### Work order
Look for the line that has "Taurus Zodiac Pendant" in the material below; please repeat it and every line after it, exactly, up to and including the line that has "TRENDnet TPE-2840WS 28-Port", and nothing else.

[Opening Recorded data section]

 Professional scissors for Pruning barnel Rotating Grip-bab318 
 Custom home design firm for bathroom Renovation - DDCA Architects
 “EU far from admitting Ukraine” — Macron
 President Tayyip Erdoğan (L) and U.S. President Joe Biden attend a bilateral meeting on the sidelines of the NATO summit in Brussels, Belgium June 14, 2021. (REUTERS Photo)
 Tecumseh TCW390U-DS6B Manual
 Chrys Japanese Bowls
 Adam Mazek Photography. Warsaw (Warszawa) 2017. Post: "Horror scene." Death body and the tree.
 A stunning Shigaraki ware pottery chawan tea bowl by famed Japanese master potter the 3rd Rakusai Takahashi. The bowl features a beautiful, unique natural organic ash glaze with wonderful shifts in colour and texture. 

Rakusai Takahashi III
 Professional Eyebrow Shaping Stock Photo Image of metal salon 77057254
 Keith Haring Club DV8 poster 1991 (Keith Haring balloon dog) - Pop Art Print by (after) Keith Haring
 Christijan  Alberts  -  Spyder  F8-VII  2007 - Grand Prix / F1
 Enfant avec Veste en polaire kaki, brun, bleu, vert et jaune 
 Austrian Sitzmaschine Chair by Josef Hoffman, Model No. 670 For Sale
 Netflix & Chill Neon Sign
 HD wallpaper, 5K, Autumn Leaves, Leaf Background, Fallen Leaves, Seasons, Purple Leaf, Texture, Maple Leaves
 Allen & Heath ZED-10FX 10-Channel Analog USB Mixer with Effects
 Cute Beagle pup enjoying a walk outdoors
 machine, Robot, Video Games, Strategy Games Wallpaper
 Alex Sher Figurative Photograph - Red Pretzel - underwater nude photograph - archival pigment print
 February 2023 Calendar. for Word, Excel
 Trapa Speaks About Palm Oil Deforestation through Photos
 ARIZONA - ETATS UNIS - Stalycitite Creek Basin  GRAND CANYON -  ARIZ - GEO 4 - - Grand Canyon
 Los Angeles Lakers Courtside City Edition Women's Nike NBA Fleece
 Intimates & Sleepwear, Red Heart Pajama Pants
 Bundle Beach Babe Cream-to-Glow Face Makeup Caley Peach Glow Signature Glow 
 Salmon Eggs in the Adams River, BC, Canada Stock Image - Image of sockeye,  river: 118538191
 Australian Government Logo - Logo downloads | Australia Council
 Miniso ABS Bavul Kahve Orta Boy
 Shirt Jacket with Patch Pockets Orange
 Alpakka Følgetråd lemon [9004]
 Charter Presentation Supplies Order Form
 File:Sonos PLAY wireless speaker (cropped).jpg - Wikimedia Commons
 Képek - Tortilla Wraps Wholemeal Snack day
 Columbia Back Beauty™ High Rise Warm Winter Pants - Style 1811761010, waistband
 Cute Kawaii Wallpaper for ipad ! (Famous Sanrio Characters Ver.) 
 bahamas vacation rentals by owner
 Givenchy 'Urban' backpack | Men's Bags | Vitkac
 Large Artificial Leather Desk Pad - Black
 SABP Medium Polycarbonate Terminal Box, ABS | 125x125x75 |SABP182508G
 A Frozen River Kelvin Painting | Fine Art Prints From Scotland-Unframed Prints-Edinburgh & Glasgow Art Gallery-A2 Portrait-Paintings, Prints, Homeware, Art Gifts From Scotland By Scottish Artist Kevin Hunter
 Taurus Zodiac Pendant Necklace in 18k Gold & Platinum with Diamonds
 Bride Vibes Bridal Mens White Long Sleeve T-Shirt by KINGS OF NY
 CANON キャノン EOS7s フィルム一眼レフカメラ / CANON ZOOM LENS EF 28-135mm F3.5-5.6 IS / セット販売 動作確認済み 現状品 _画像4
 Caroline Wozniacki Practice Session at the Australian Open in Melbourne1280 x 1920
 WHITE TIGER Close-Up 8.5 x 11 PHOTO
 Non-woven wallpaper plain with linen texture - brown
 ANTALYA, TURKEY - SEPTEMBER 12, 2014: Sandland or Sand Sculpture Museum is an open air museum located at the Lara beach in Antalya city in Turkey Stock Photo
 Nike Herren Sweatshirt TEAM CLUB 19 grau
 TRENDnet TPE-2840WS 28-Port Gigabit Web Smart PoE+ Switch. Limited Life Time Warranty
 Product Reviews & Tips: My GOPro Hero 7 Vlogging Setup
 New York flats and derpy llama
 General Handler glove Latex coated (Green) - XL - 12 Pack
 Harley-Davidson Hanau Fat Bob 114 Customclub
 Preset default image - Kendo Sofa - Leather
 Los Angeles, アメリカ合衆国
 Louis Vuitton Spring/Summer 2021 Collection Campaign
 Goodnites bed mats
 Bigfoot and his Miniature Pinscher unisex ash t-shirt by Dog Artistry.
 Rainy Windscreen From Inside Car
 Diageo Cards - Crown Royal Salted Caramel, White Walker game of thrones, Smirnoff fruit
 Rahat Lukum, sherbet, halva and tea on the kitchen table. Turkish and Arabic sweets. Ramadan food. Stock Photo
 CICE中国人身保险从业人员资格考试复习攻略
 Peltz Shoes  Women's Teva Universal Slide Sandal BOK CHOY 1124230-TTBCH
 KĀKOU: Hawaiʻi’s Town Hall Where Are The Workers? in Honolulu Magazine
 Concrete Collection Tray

[Closing Recorded data section]

### Solution for this exercise
 Taurus Zodiac Pendant Necklace in 18k Gold & Platinum with Diamonds
 Bride Vibes Bridal Mens White Long Sleeve T-Shirt by KINGS OF NY
 CANON キャノン EOS7s フィルム一眼レフカメラ / CANON ZOOM LENS EF 28-135mm F3.5-5.6 IS / セット販売 動作確認済み 現状品 _画像4
 Caroline Wozniacki Practice Session at the Australian Open in Melbourne1280 x 1920
 WHITE TIGER Close-Up 8.5 x 11 PHOTO
 Non-woven wallpaper plain with linen texture - brown
 ANTALYA, TURKEY - SEPTEMBER 12, 2014: Sandland or Sand Sculpture Museum is an open air museum located at the Lara beach in Antalya city in Turkey Stock Photo
 Nike Herren Sweatshirt TEAM CLUB 19 grau
 TRENDnet TPE-2840WS 28-Port Gigabit Web Smart PoE+ Switch. Limited Life Time Warranty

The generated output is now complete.